Target selection for them will be interesting. They have a higher payload than something like a GMLRS round, so the Hammers are likely to be primarily used against buildings with troops or supplies, as we see in this video.
We used it for nukes for a while -- I remember reading an article from an early Cold War USAF pilot who did it. When you're throwing the equivalent of tens of thousands of tons of explosives, pinpoint accuracy doesn't matter too much in a lot of applications.
kagis
I don't think that this was the article I remember -- this guy is Navy -- but same idea:
https://www.usni.org/magazines/naval-history-magazine/2000/october/bomb-and-i
Note regarding the above with the guy training for nuclear toss-bombing at Moffett Field, which, reading through, makes me chuckle -- normally, US airfields have ICAO codes that sound something like the airfield's name. Moffett does not.
https://en.wikipedia.org/wiki/Moffett_Federal_Airfield
I'd guess that that explains where it got its ICAO code.
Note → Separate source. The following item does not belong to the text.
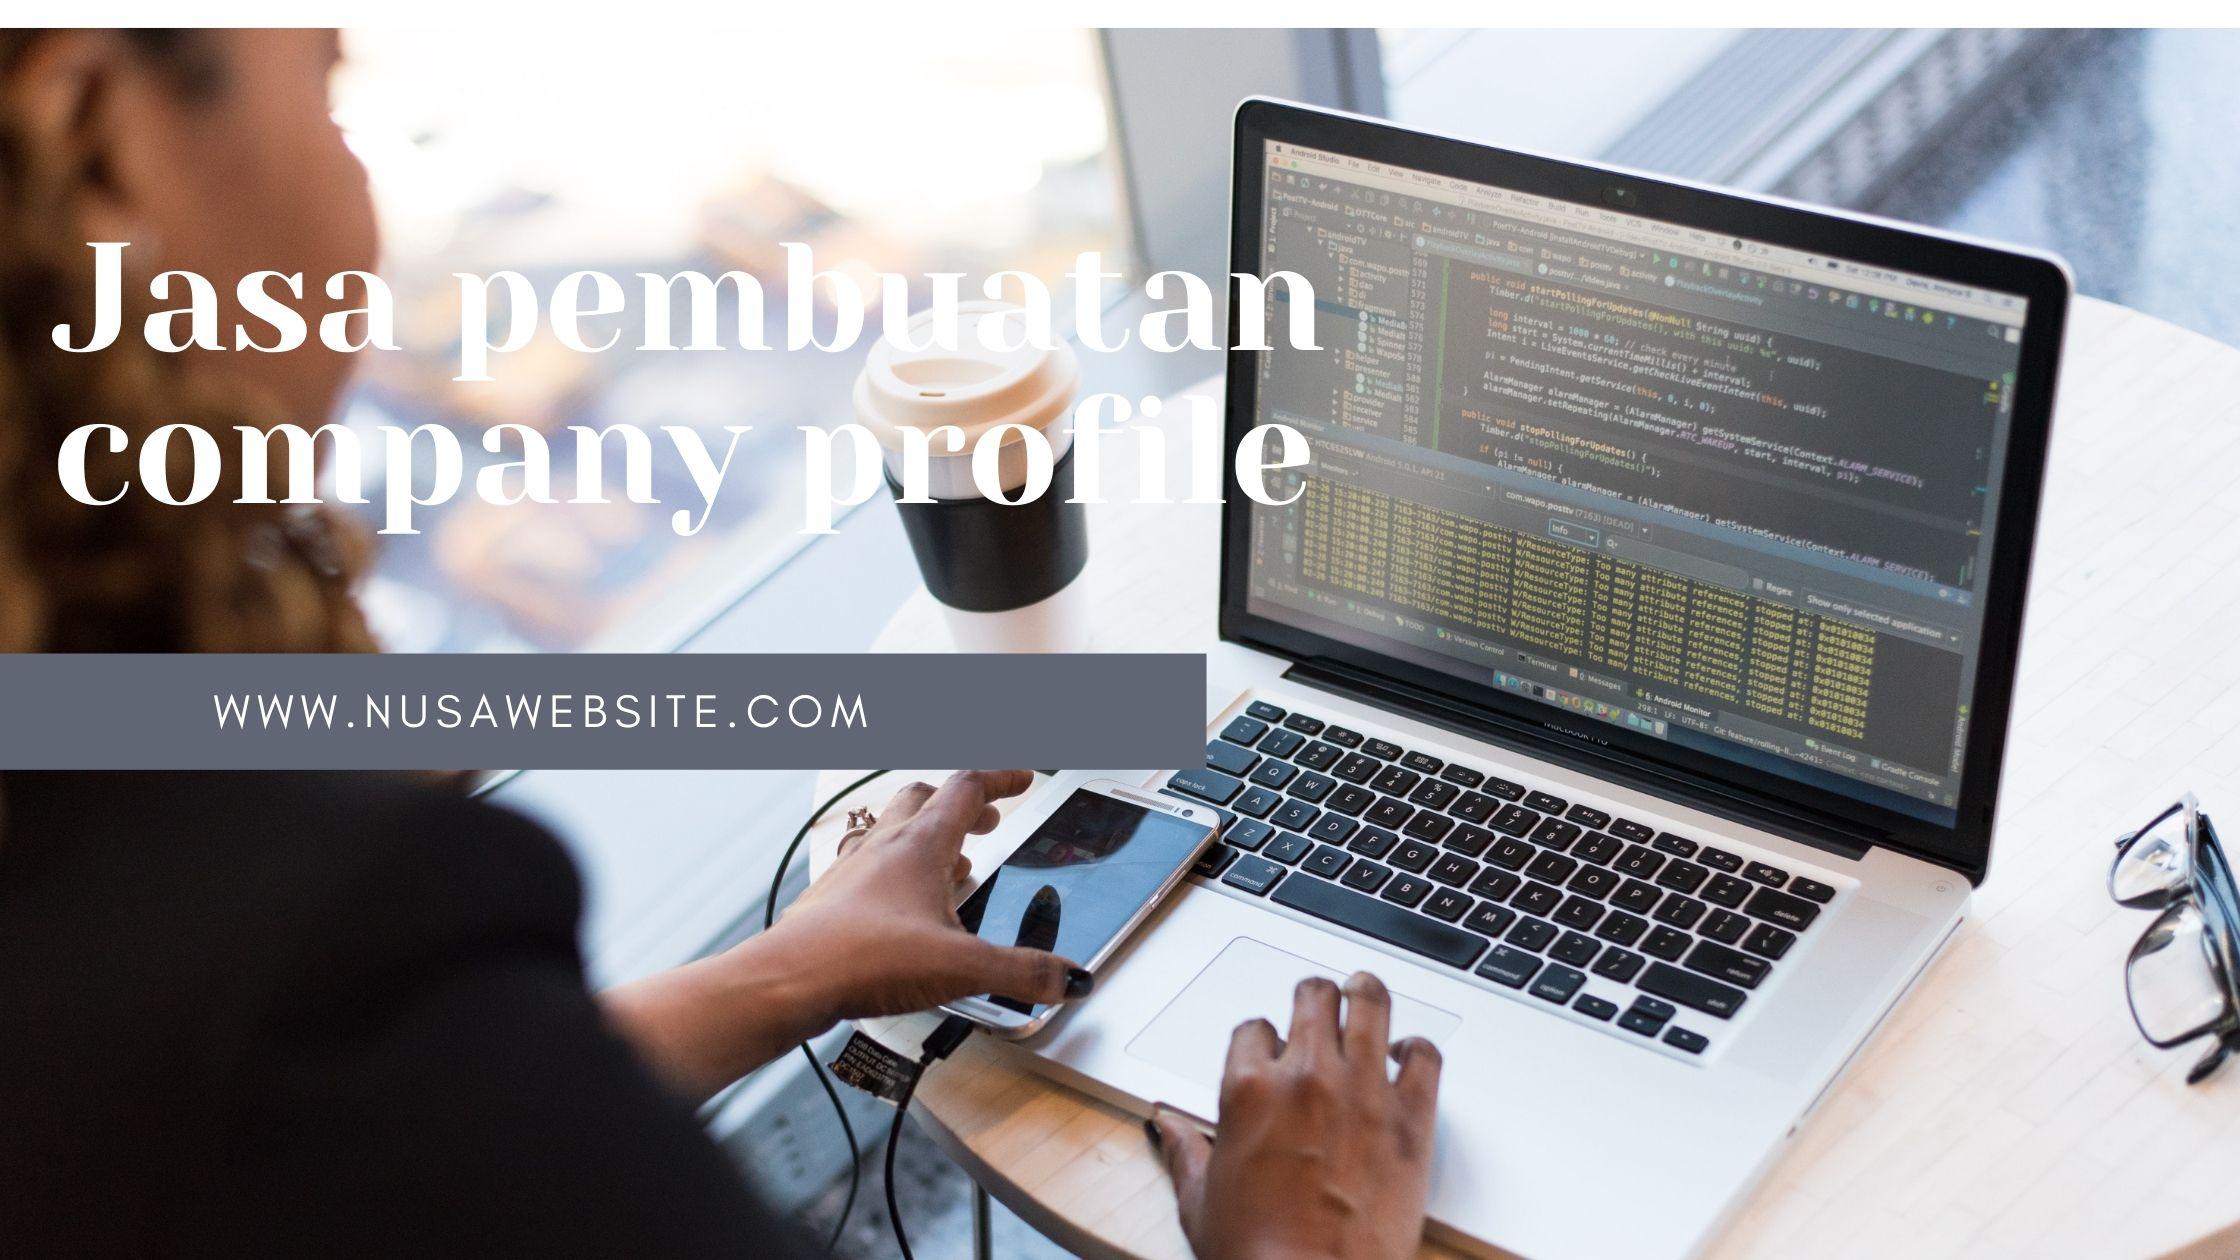 company profile freepik

Getting back to the Ukrainian plane here, that's gotta be kind of anus-clenching for them, since I assume that by flying up like that, they're also potentially flying, at least momentarily, into the engagement envelope of a SAM.
Yeah, but currently they stay away from the front far enough. In the near future this will probably be done closer to the front with an amraam and harm packing F16 to back them up.